Using the Web as a sales medium also doesn’t mean you get to just sit back and watch the money roll in. Even if you are successful, you won’t have time to watch the money roll in because you will be too busy dealing with fulfillment, inventory management, customer service, and all the other responsibilities that go along with operating any business.

Let’s Talk Reality

If you are considering setting up an Internet storefront and selling products, more power to you. Building any business can be fun and rewarding, but you need to be realistic about what is involved.

Keep in mind that most of your business responsibilities as an Internet business tycoon are the same regardless of whether you sell your products on the Internet or through more traditional means, such as through a catalog. In fact, a mail-order catalog business is probably the closest match to the business model of an e-commerce product business.

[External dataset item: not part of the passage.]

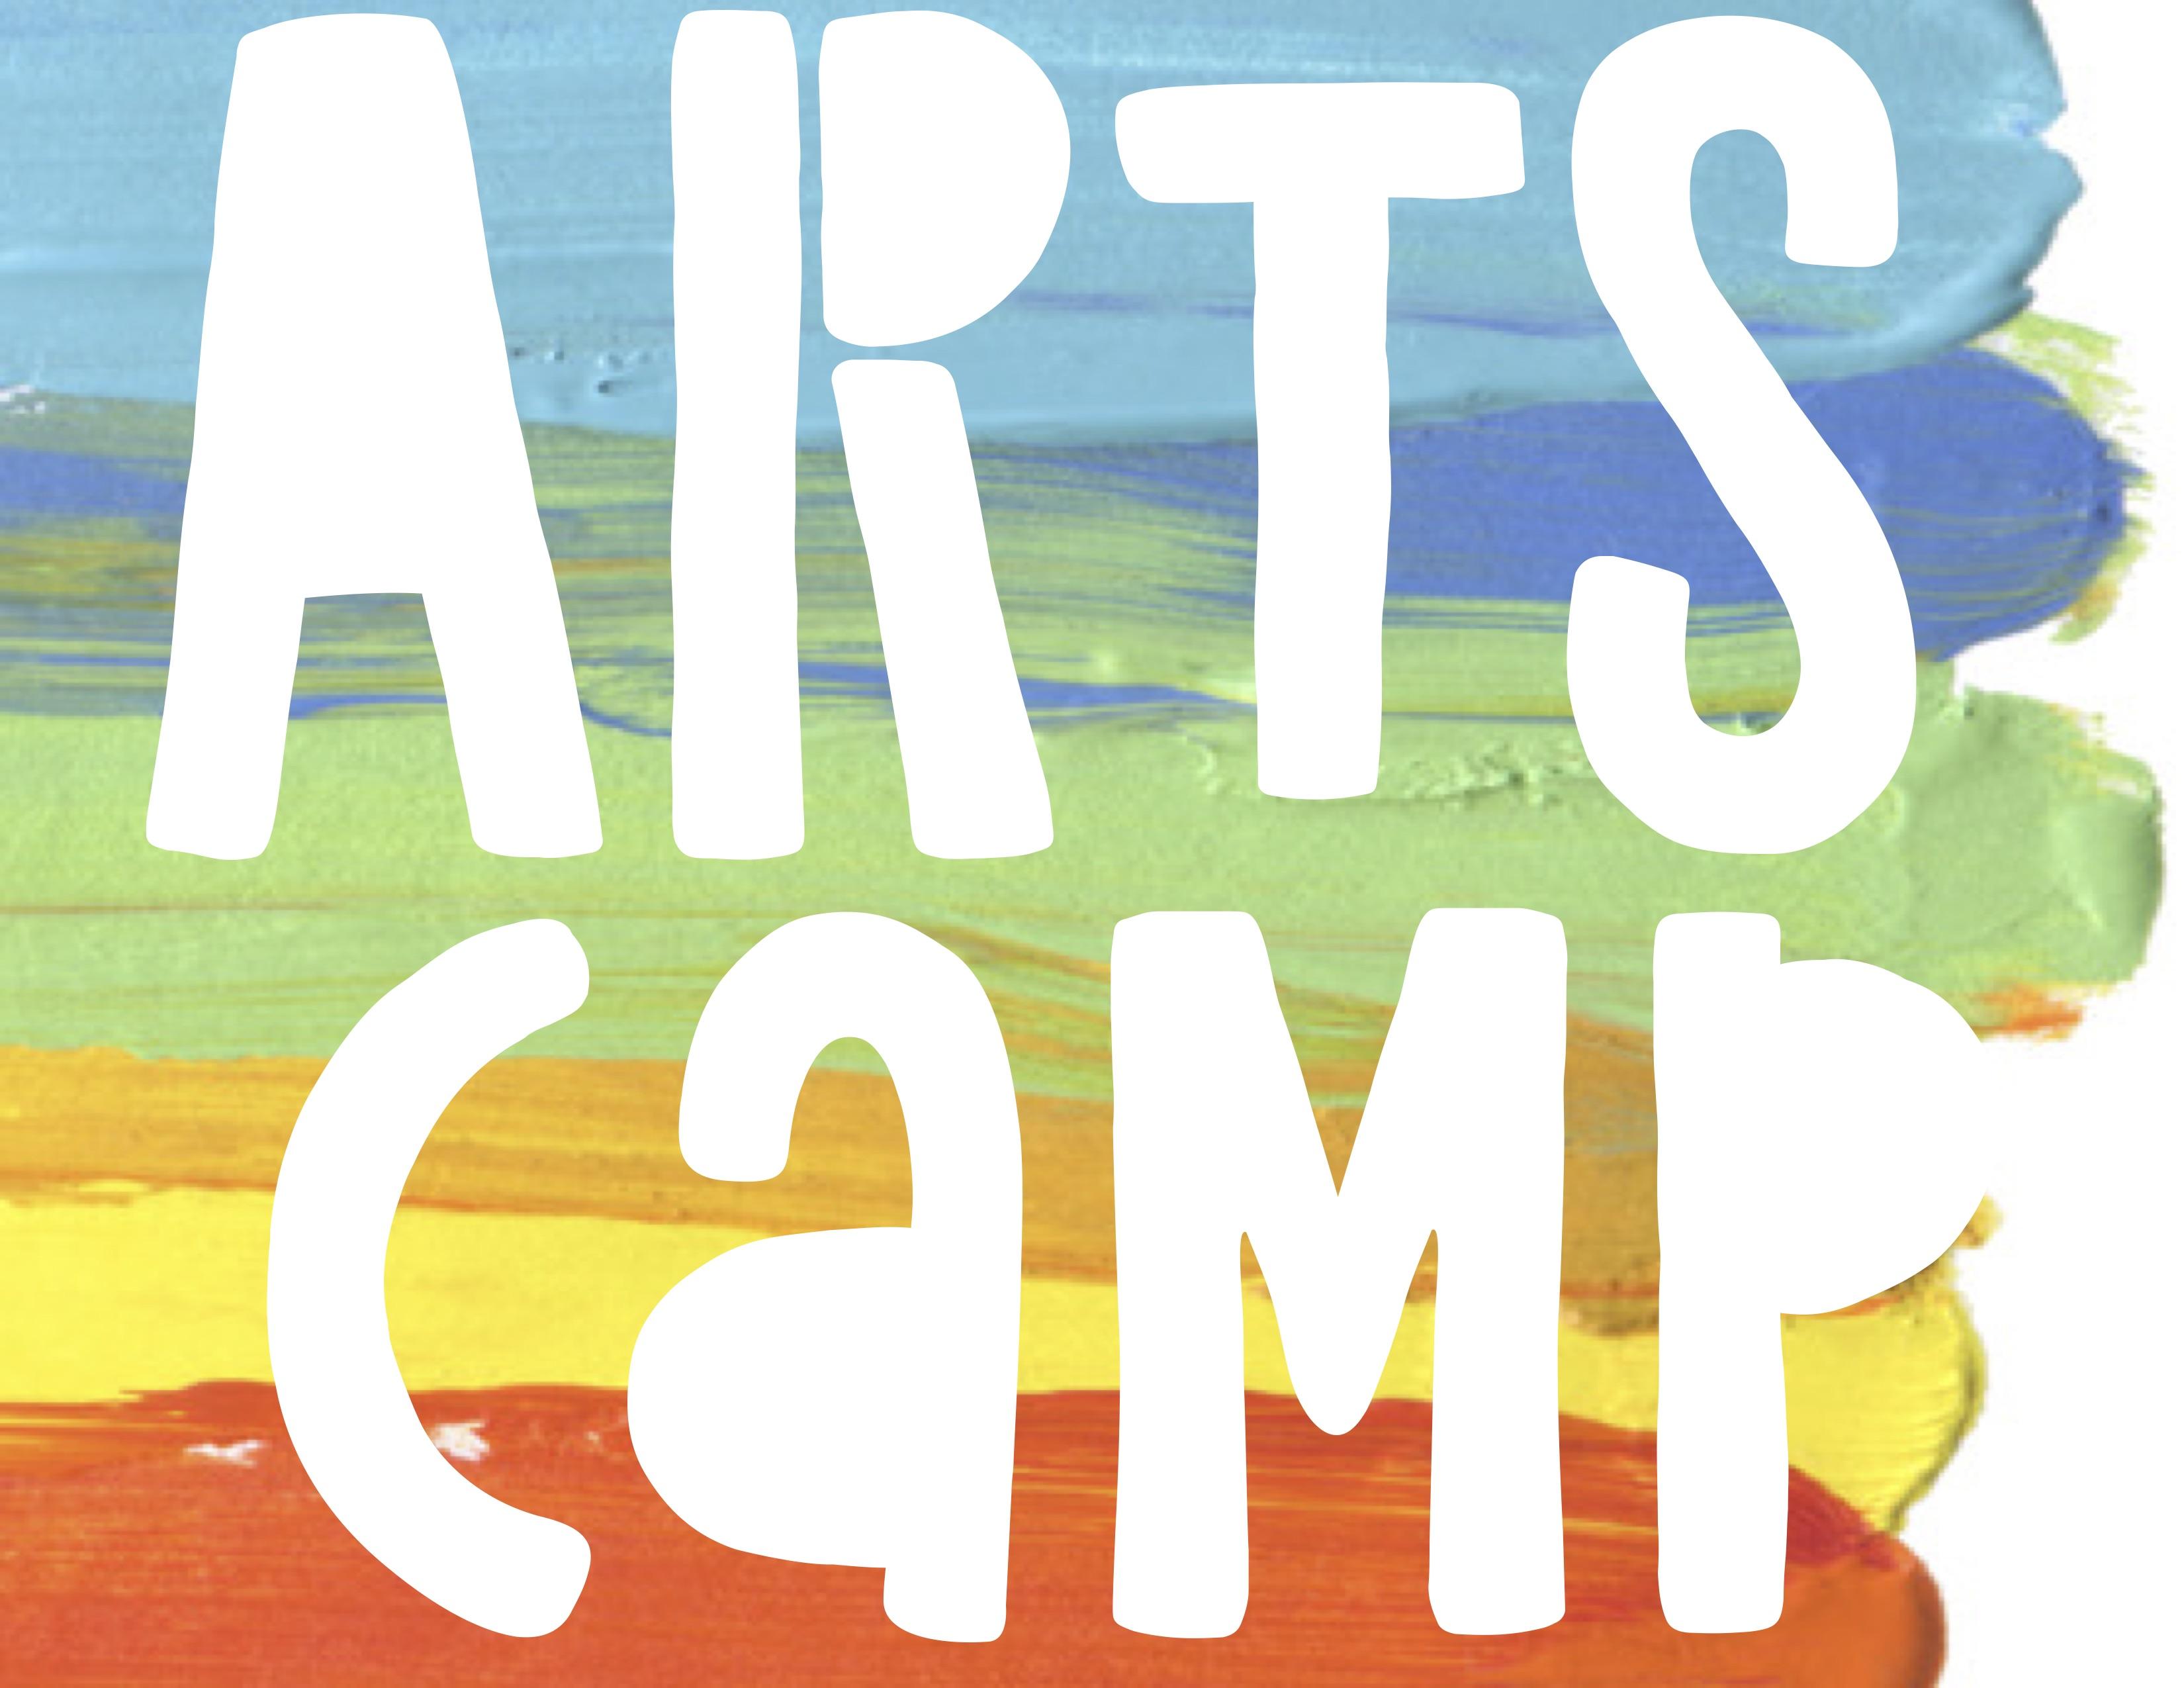 Pco arts camp

If you are new to e-commerce or product sales in general, this article will help you get a feel for what’s involved. It will help you prepare for the responsibilities you will have and create a plan for success.

You will learn about:

  • Adding and maintaining products
  • Processing orders
  • Financial implications of e-commerce

Getting Your Products Online

Before you can sell a new product on your product Web site, you should have at least one of them in stock, or have a way to track back orders. You also have to set up the Web site with information about the product.

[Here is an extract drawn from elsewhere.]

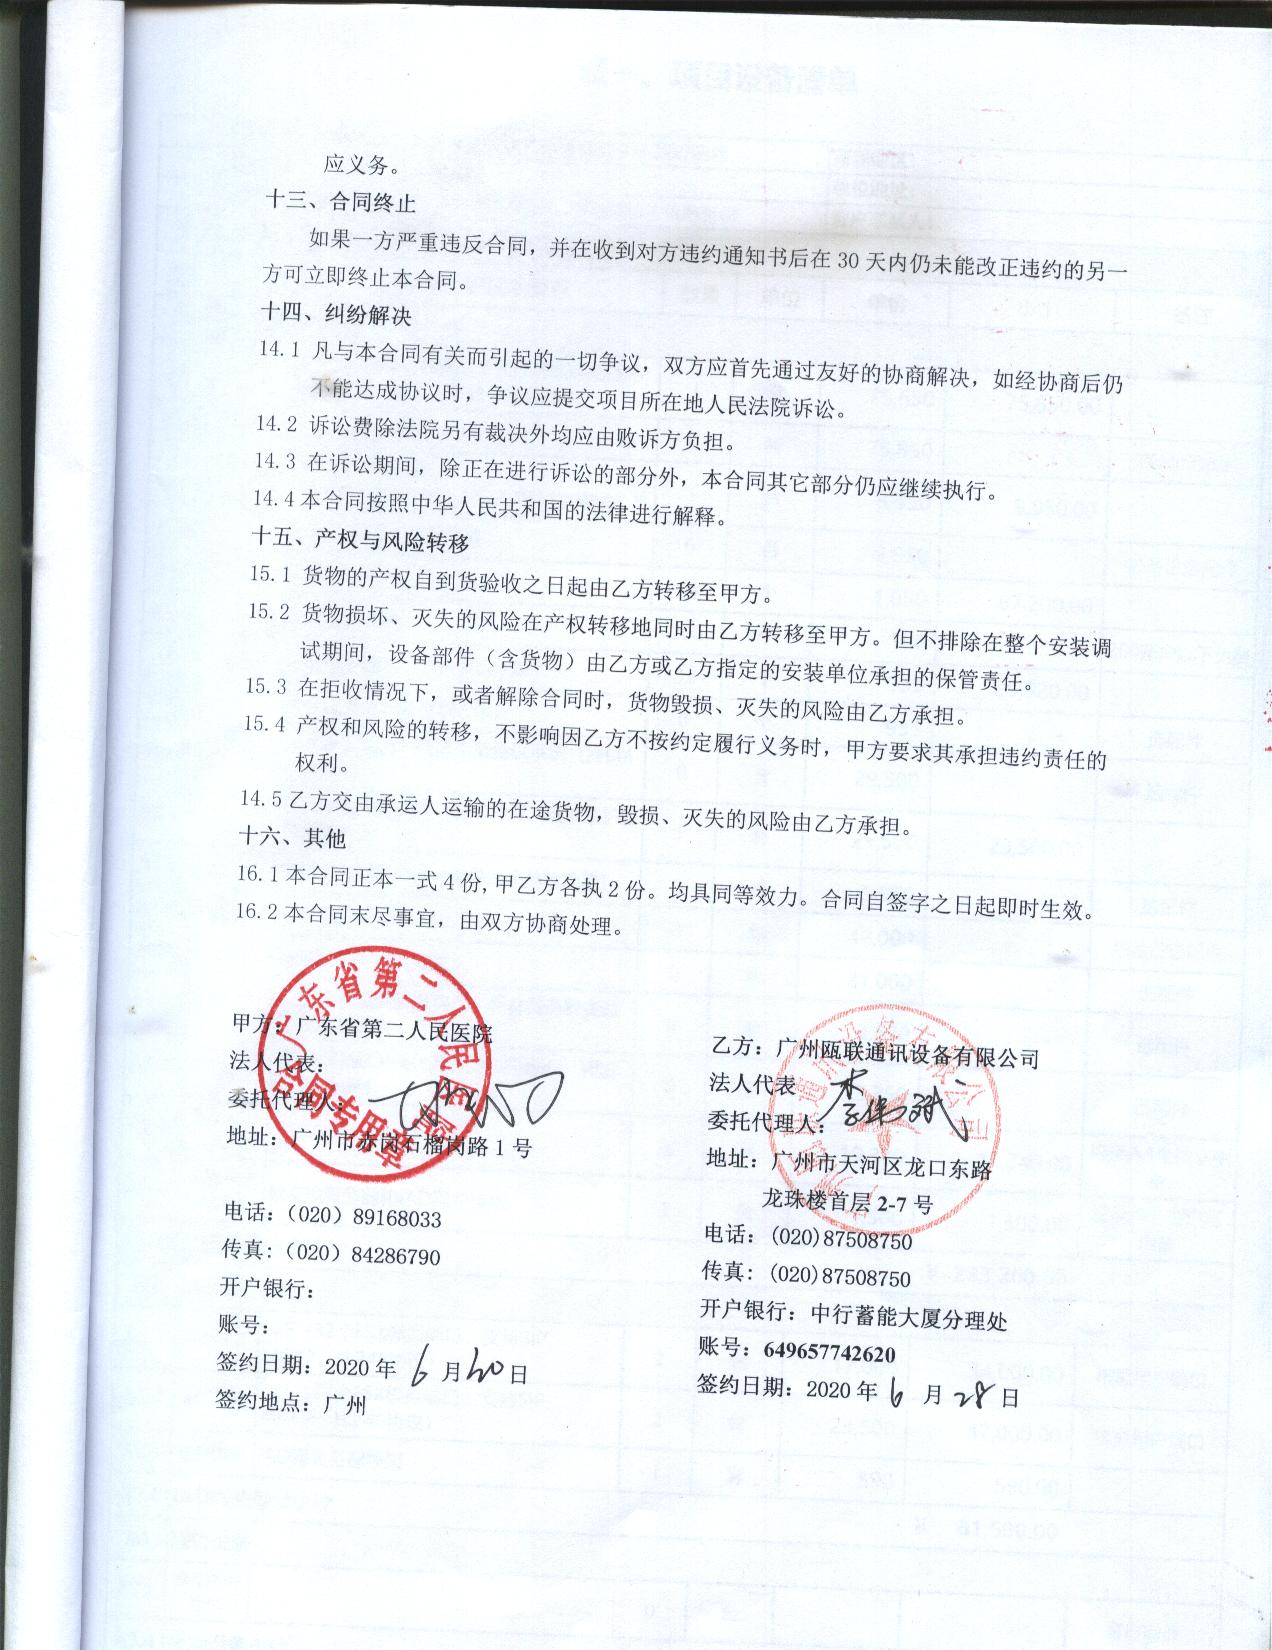 广东省第二人民医院程控电话交换机项目

To acquire stock, you have to find wholesalers and place orders with them, possibly for bulk quantities in order to keep your cost down. As you sell items, you’ll need to monitor your inventory so you know when to place orders for more. You’ll need to have some operating capital that you can tie up in this standing inventory. You’ll also have to find a place to store all this stuff.

If you sell products that you make yourself, you’ll probably need to stockpile a few of them so orders can be filled quickly. Internet shoppers expect a shipping delay, but they don’t expect a manufacturing delay. If you decide to manufacture on demand, you should warn shoppers of how much of a delay they should expect.

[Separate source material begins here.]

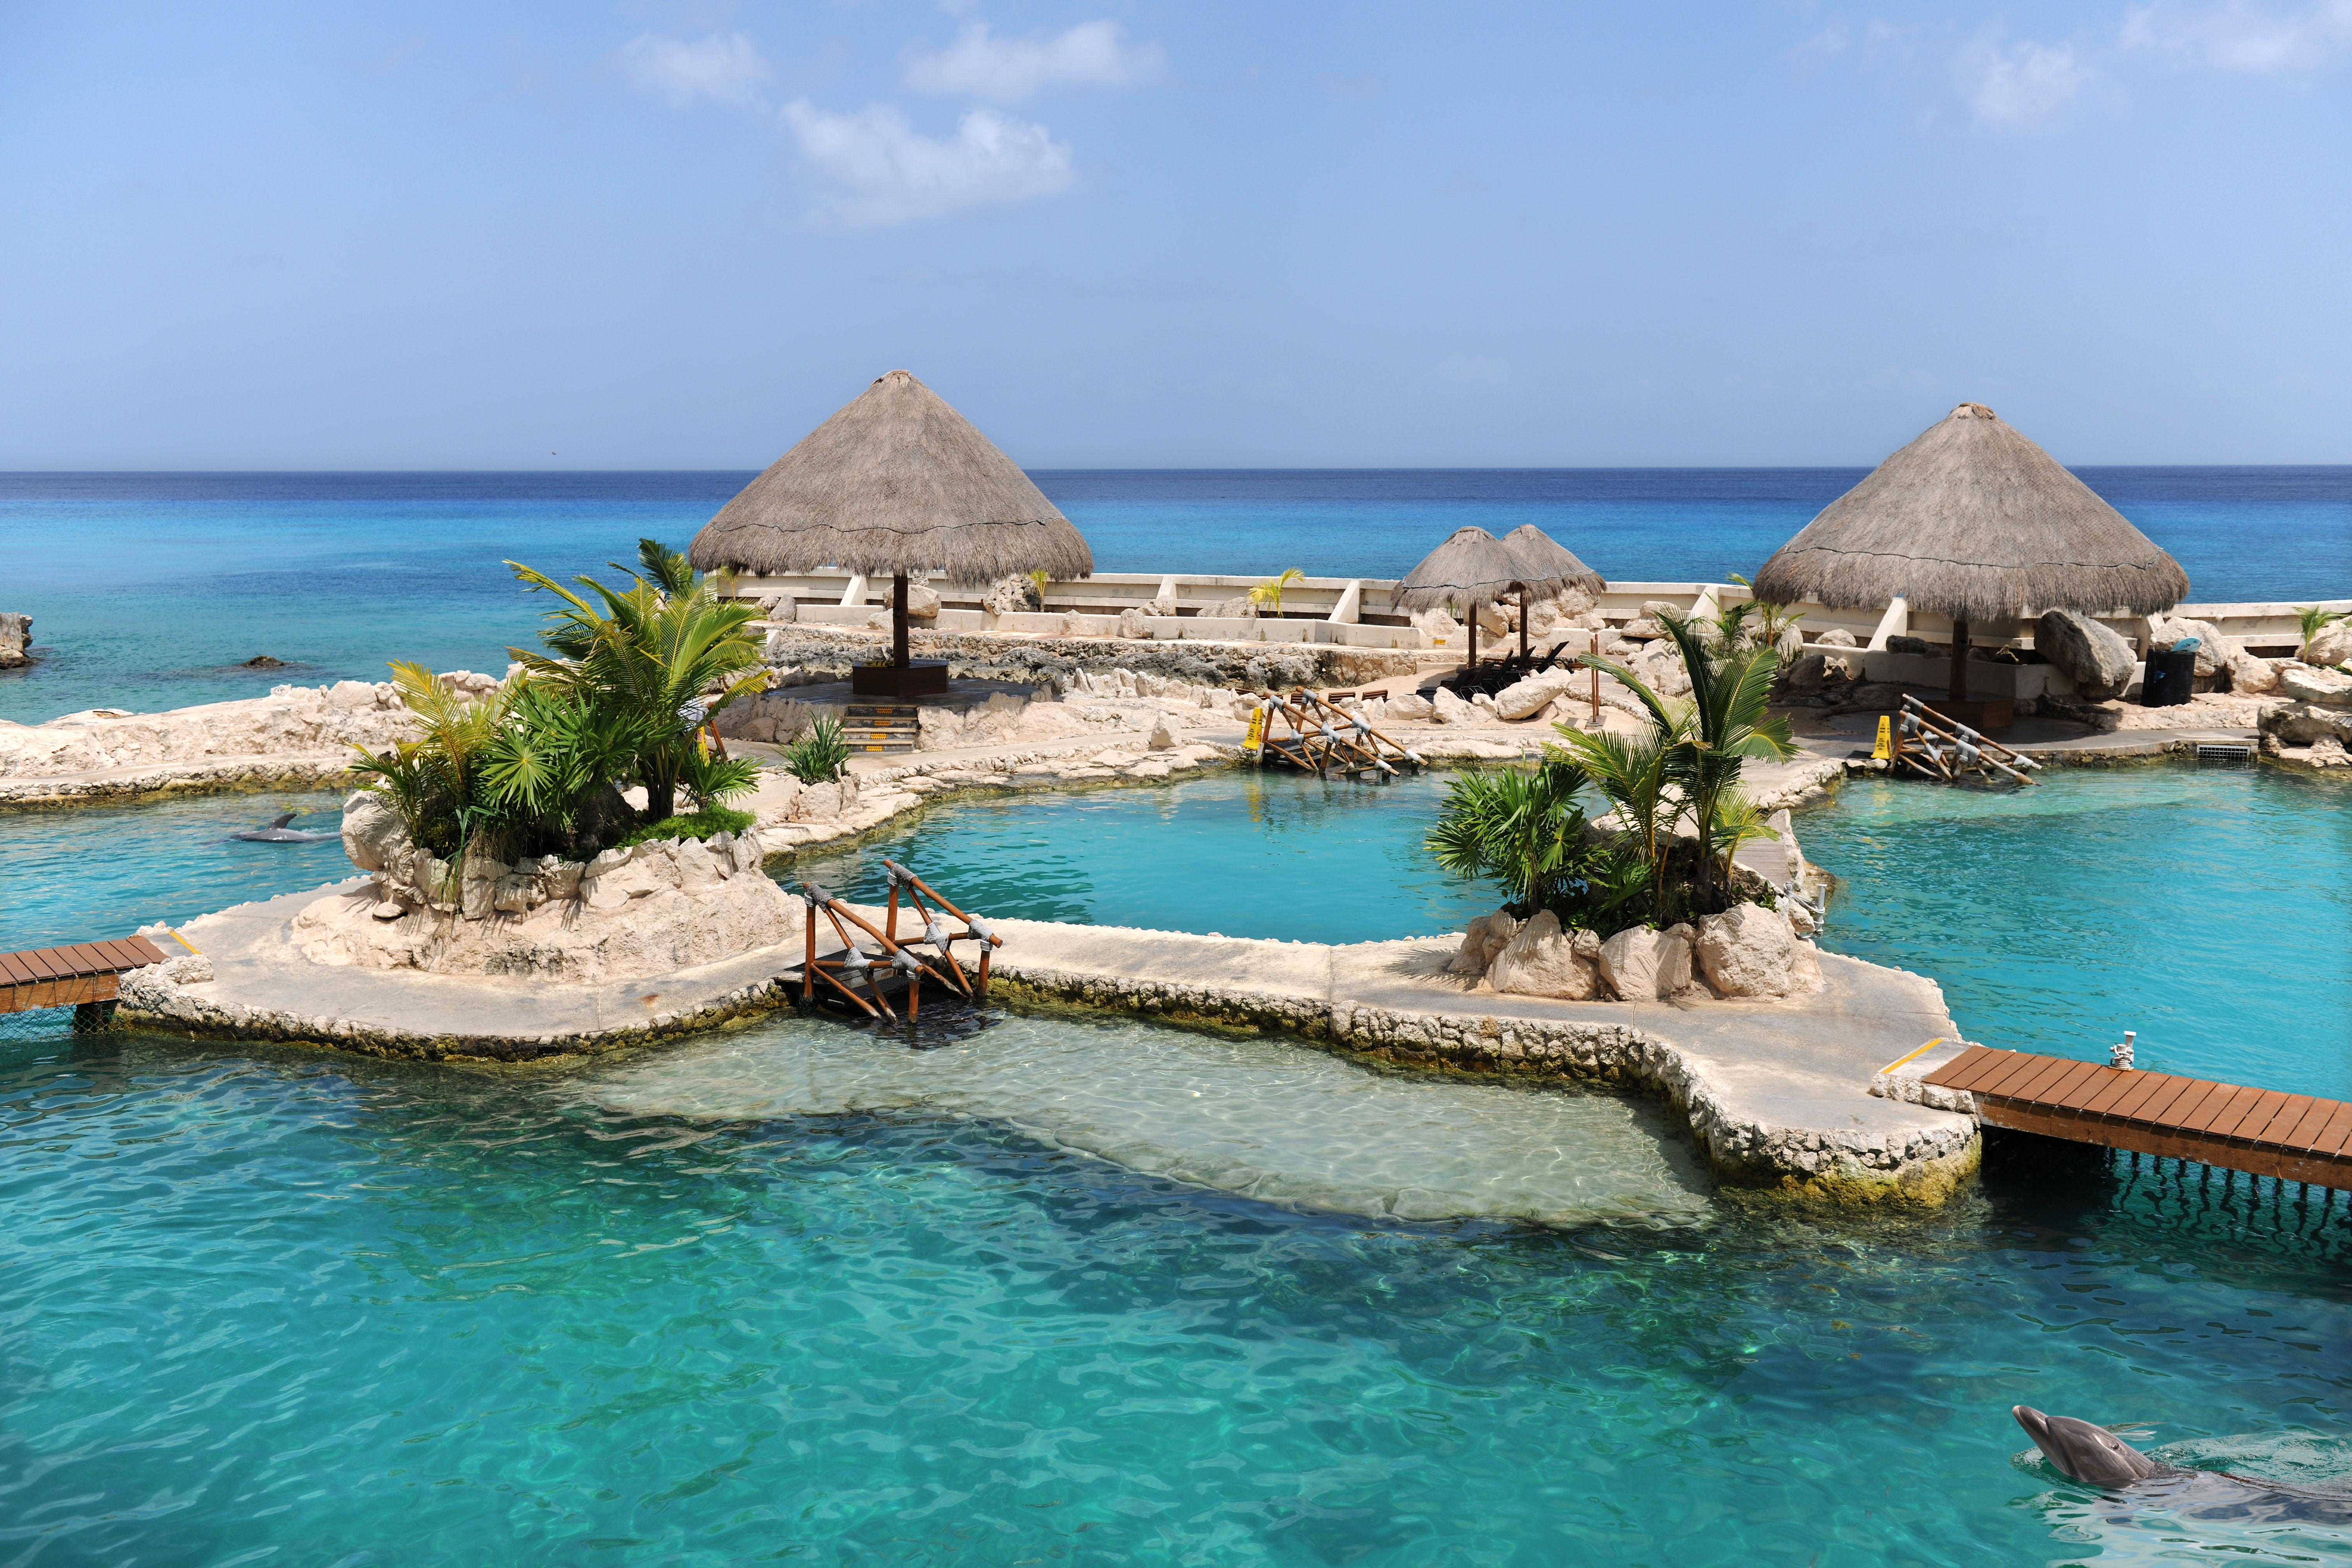 A ilha de Cozumel está a 50 quilômetros de Cancún, no Mar do Caribe, e recebe cerca de 300 mil turistas ao ano / GB Imagem

When you add new products to your offerings, you’ll need to put pictures and descriptions into the storefront. Depending upon your talents for photography and copy writing, a picture from your digital camera and a quick blurb about the product are probably not going to be compelling to shoppers. It may be necessary to get professional help with the product photography and sales copy.

Fulfilling Orders

The fun begins when you start getting orders through your new Web storefront. Now you have to ship products to the customers, which is a process called fulfillment.

The fulfillment procedure usually consists of several steps.

Pulling Orders

Retrieve the pending orders from your Web store and print a packing slip for each one. If your store tracks order status, you should change it to “shipping” or “in process” at that point so you know you’ve already started on it.

The status indicator can be helpful if you aren’t able to fulfill all elements of the order on the same day. It prevents you from accidentally trying to ship the same order twice.

When you are finished working with the order, you should mark it “complete” so you know you have already dealt with it and can focus on orders that are still pending.

Picking Products

Retrieving products for shipment is called “picking.” Gather together all the products associated with the order.

Packing Orders

Once you have all the products associated with an order, you can decide how you will ship them. You can pack them all in the same box, which usually saves you money on shipping charges, or you can send them in separate boxes.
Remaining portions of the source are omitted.